3/29 to 4/25 100 9.0 17.0 .372 .470 .833 .514
4/26 to 5/15 75 17.3 5.3 .127 .173 .211 .166

Didi's numbers have done a complete 180 across the board. His strikeout and walk numbers have flipped, and he's stopped hitting almost entirely.

At least he has a sense of humor about the whole thing.

Is A Rebound Coming?

There are reasons to believe Gregorius will turn things around, even if he doesn't start hitting the way he did in the first few weeks of the season.

First and foremost, his batted-ball data is pretty close to what it was prior to his slump. His hard-hit rate through April 25 was 38.4%, and since then it's 36.2%. And his current soft-hit rate of 22.4% is only slightly higher than what it was (19.2%) during his hot streak.

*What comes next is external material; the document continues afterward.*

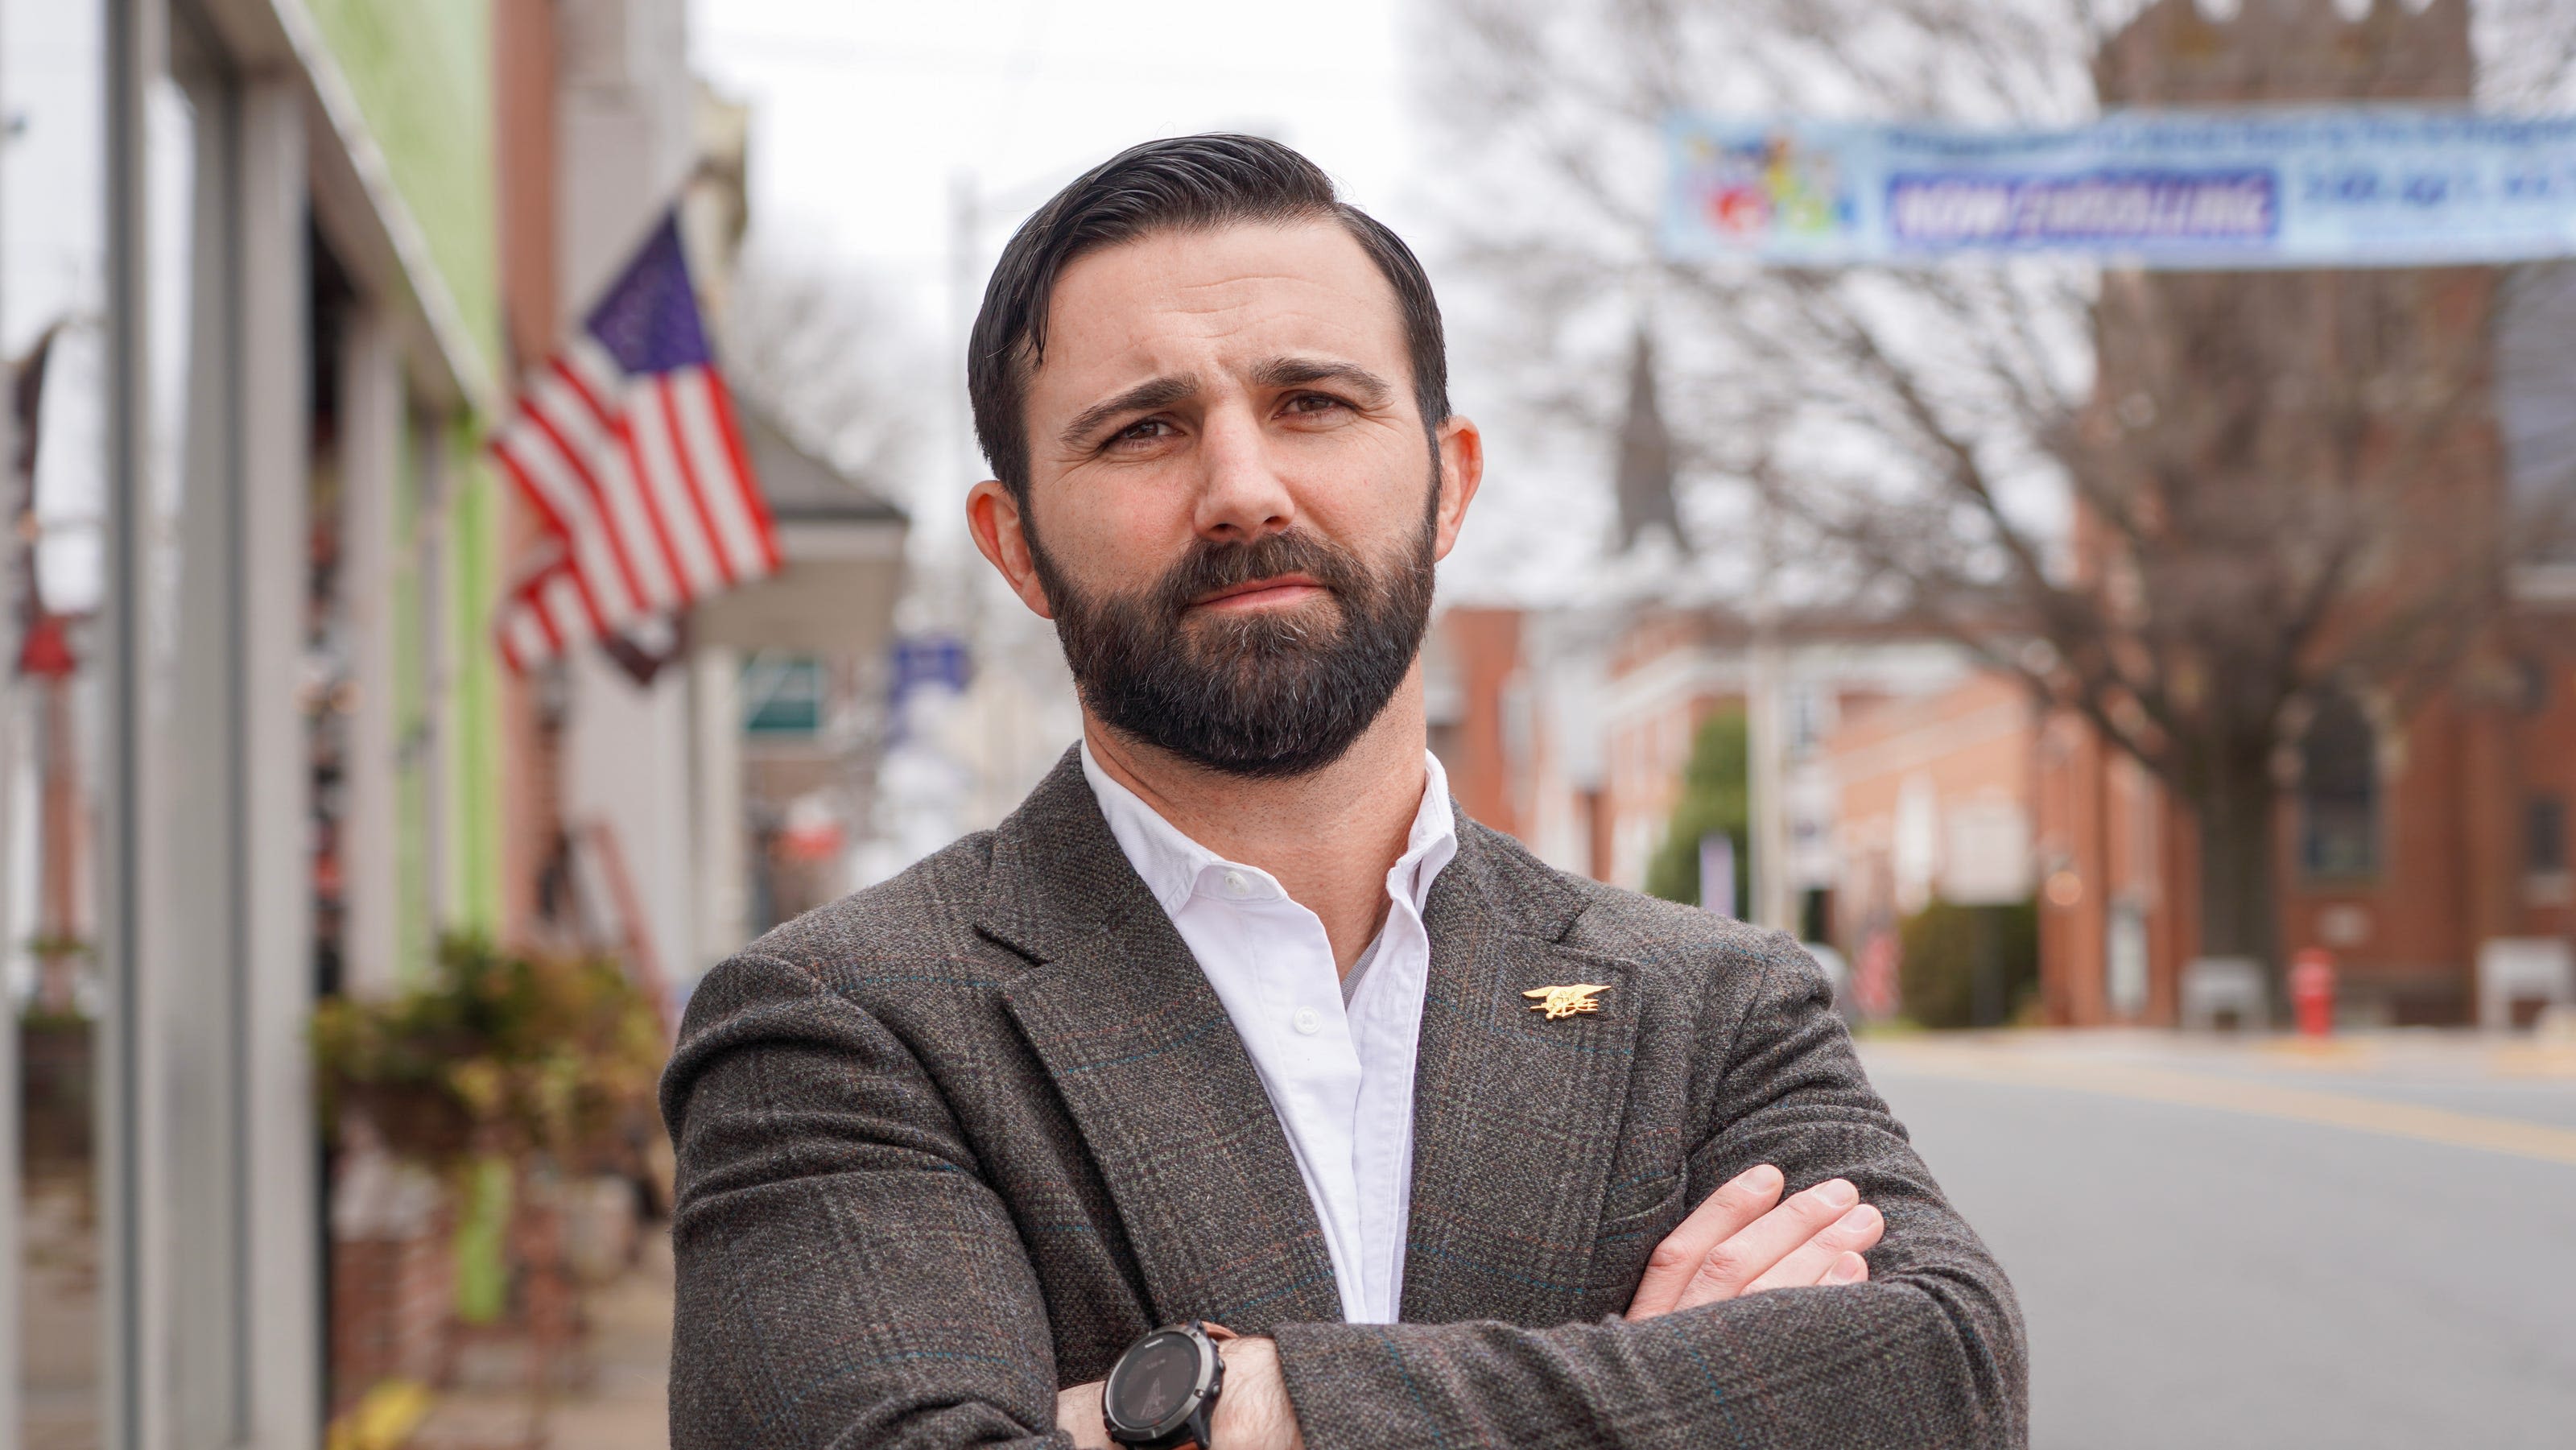 Virginia District 7 Republican candidate for Congress pledges to join House Freedom Caucus

One big difference has been where Gregorius has been hitting the ball. During his early-season hot streak, he was pulling the ball a lot more -- 49.3% of the time compared to 34.5% during this cold stretch. That's a big deal for a left-handed hitter who plays with that short porch in right field at Yankee Stadium.

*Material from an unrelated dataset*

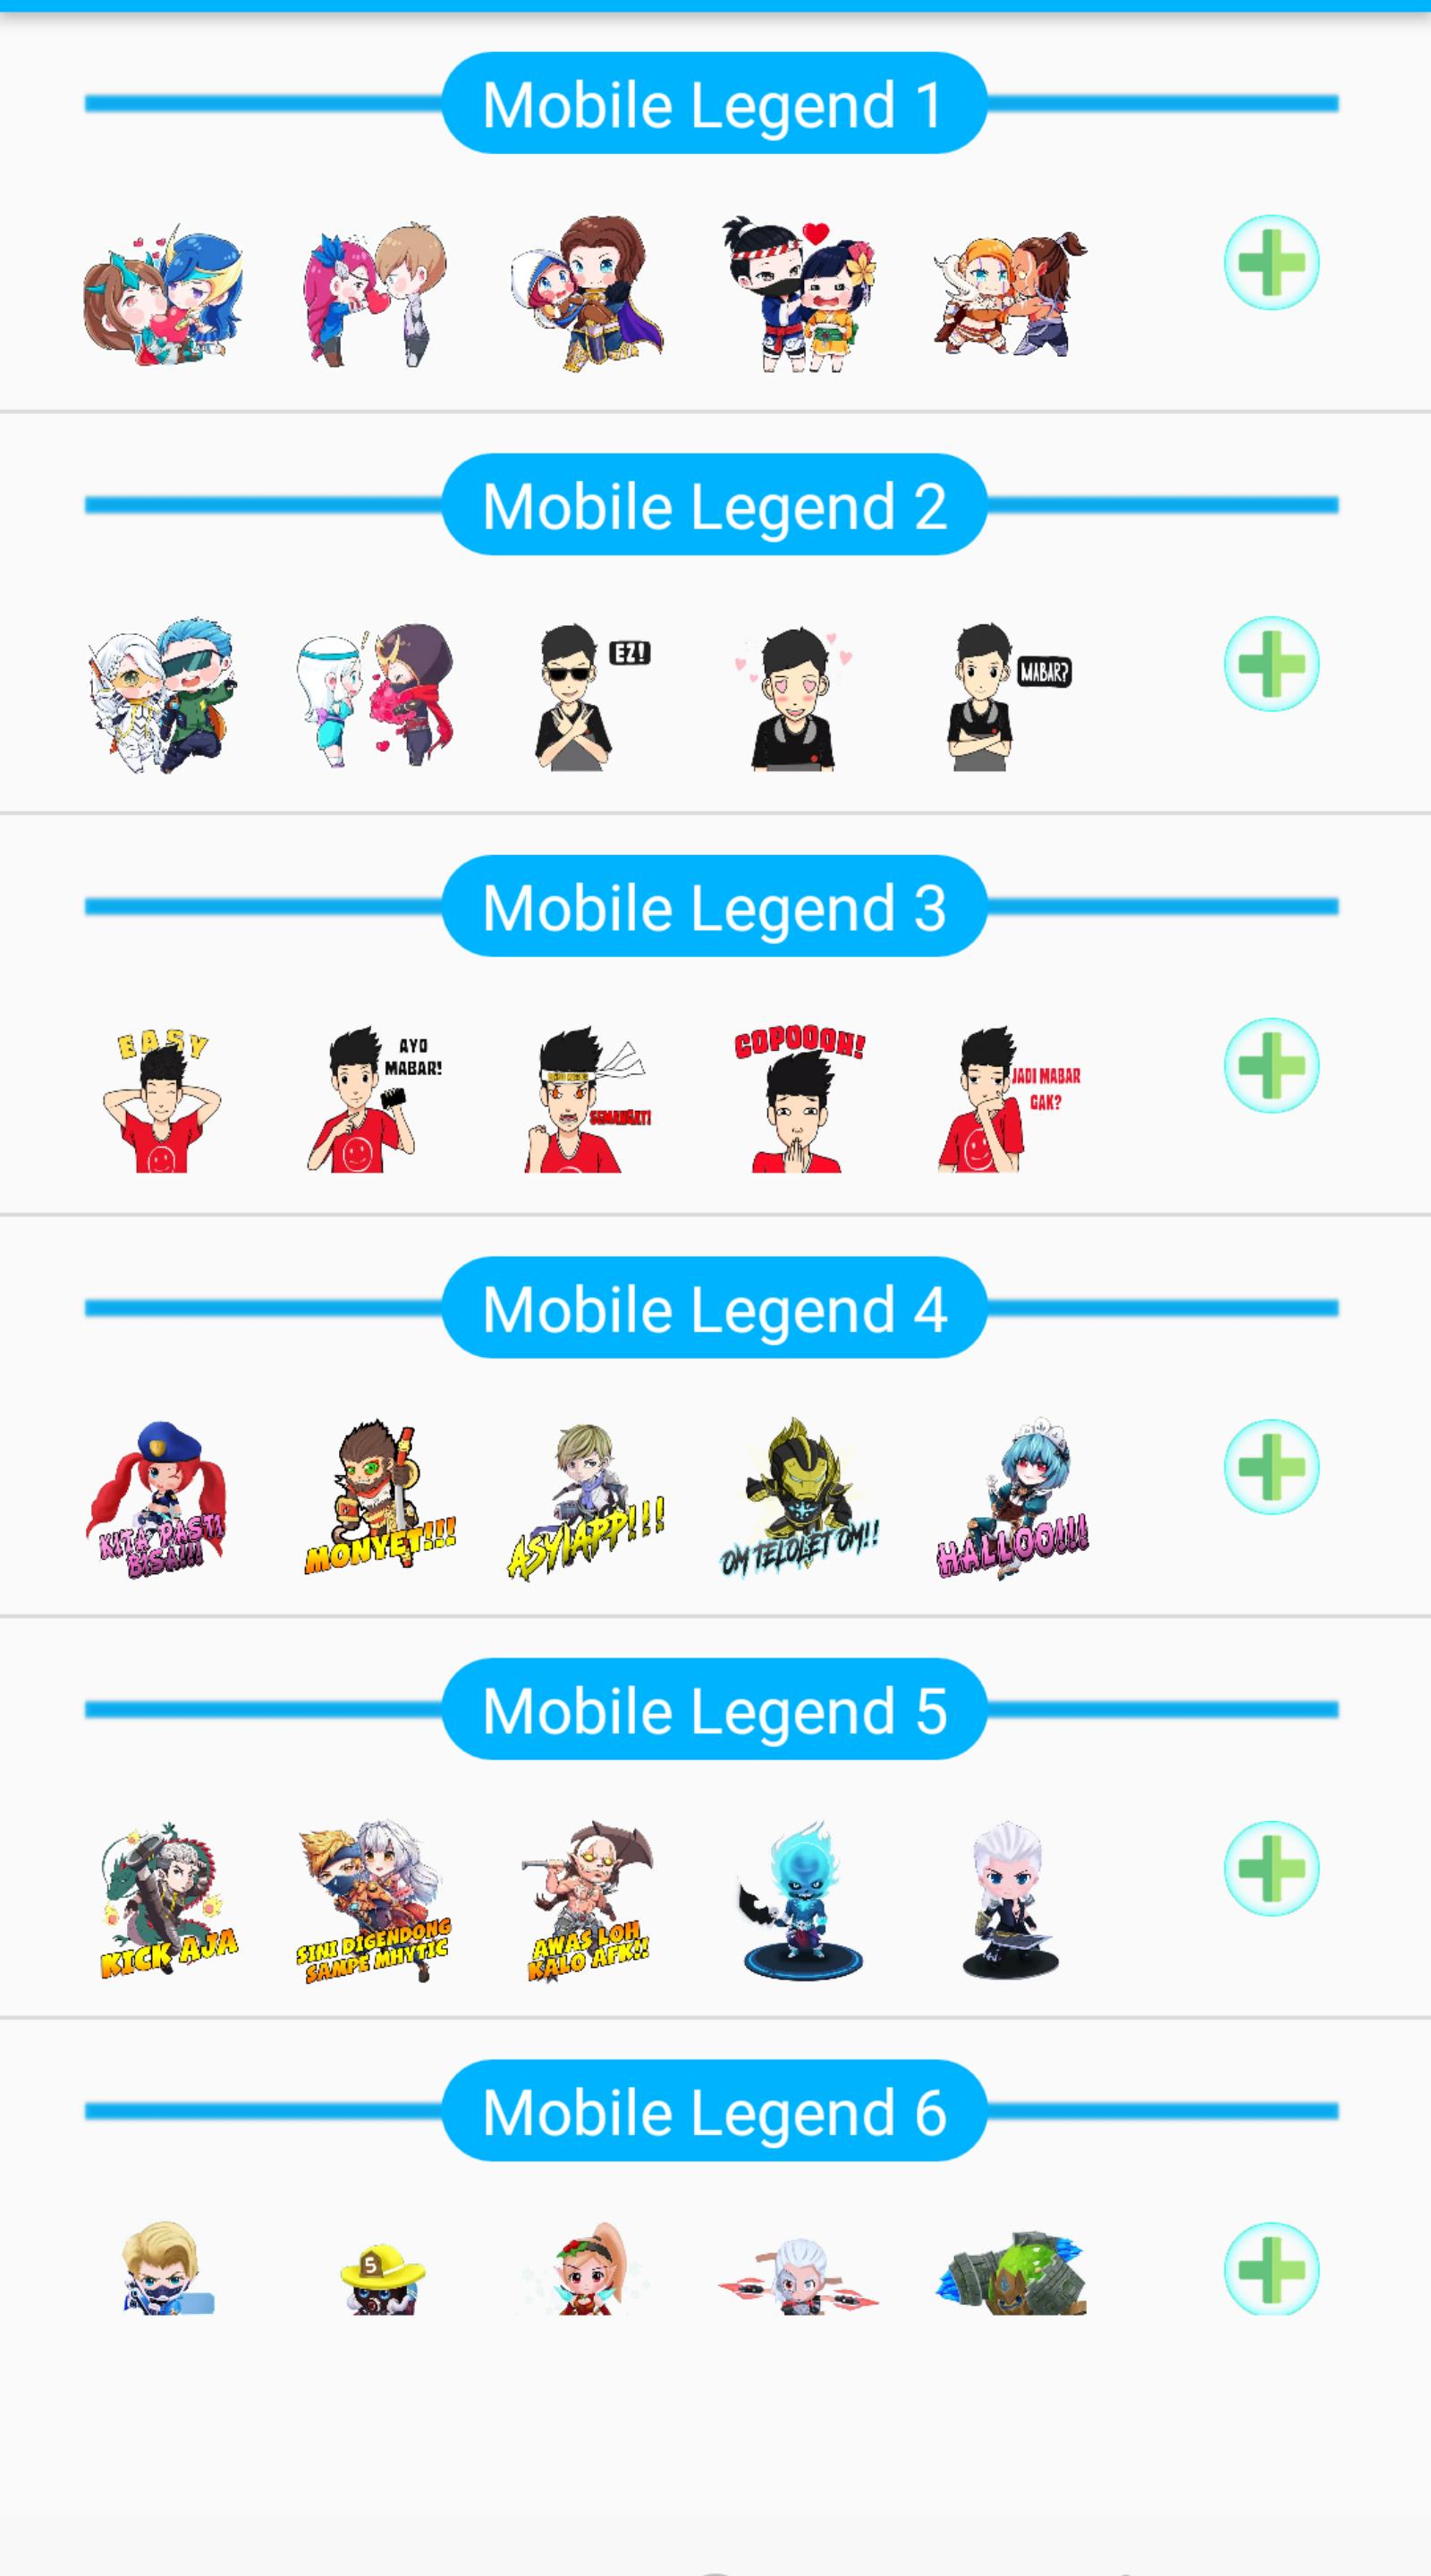 Sticker Wa MLB Lucu For Android APK Download

And it's clear that pitchers are stay away from him more frequently.

Gregorius is actually seeing more fastballs during his slump (57.6%) than he was when he was killing the ball (56.1%), so the big difference is pitch location. The split heat maps above show pitchers are working hard to stay away from the power zone he took advantage of early on in the season.

What does that mean for fantasy owners?

Buy! Buy! Buy!

Gregorius' ridiculously hot start was unlikely to sustain itself for the entire season. Ever since 2016, he's been a good and improving player, with a wOBA of .319 in 2016 and .335 last season. Like many players, he's increased his power numbers dramatically over the last few years, going from 9 homers in 2015 to 20 in '16 and 25 a year ago.

His early-season success (.514 wOBA) was clearly unsustainable. Yes, some regression has hit, but that doesn't mean he has lost his value as a high-impact fantasy asset.

One should expect Gregorius to pull out of this slump and figure out a way to adjust to what pitchers are doing to him. He has been successful with a lower pull-rate the last two seasons, and it's likely that, by the end of the season, he'll finish with a slash line that looks comparable to last year's .287/.318/.478. In fact, our models project him to hit .291 with 23 homers and 73 RBI over the rest of the season.

Now is the perfect time to go fishing for Didi, using his recent slump as a catalyst to buy low on a player that has been one of the steadiest fantasy assets over the last few seasons.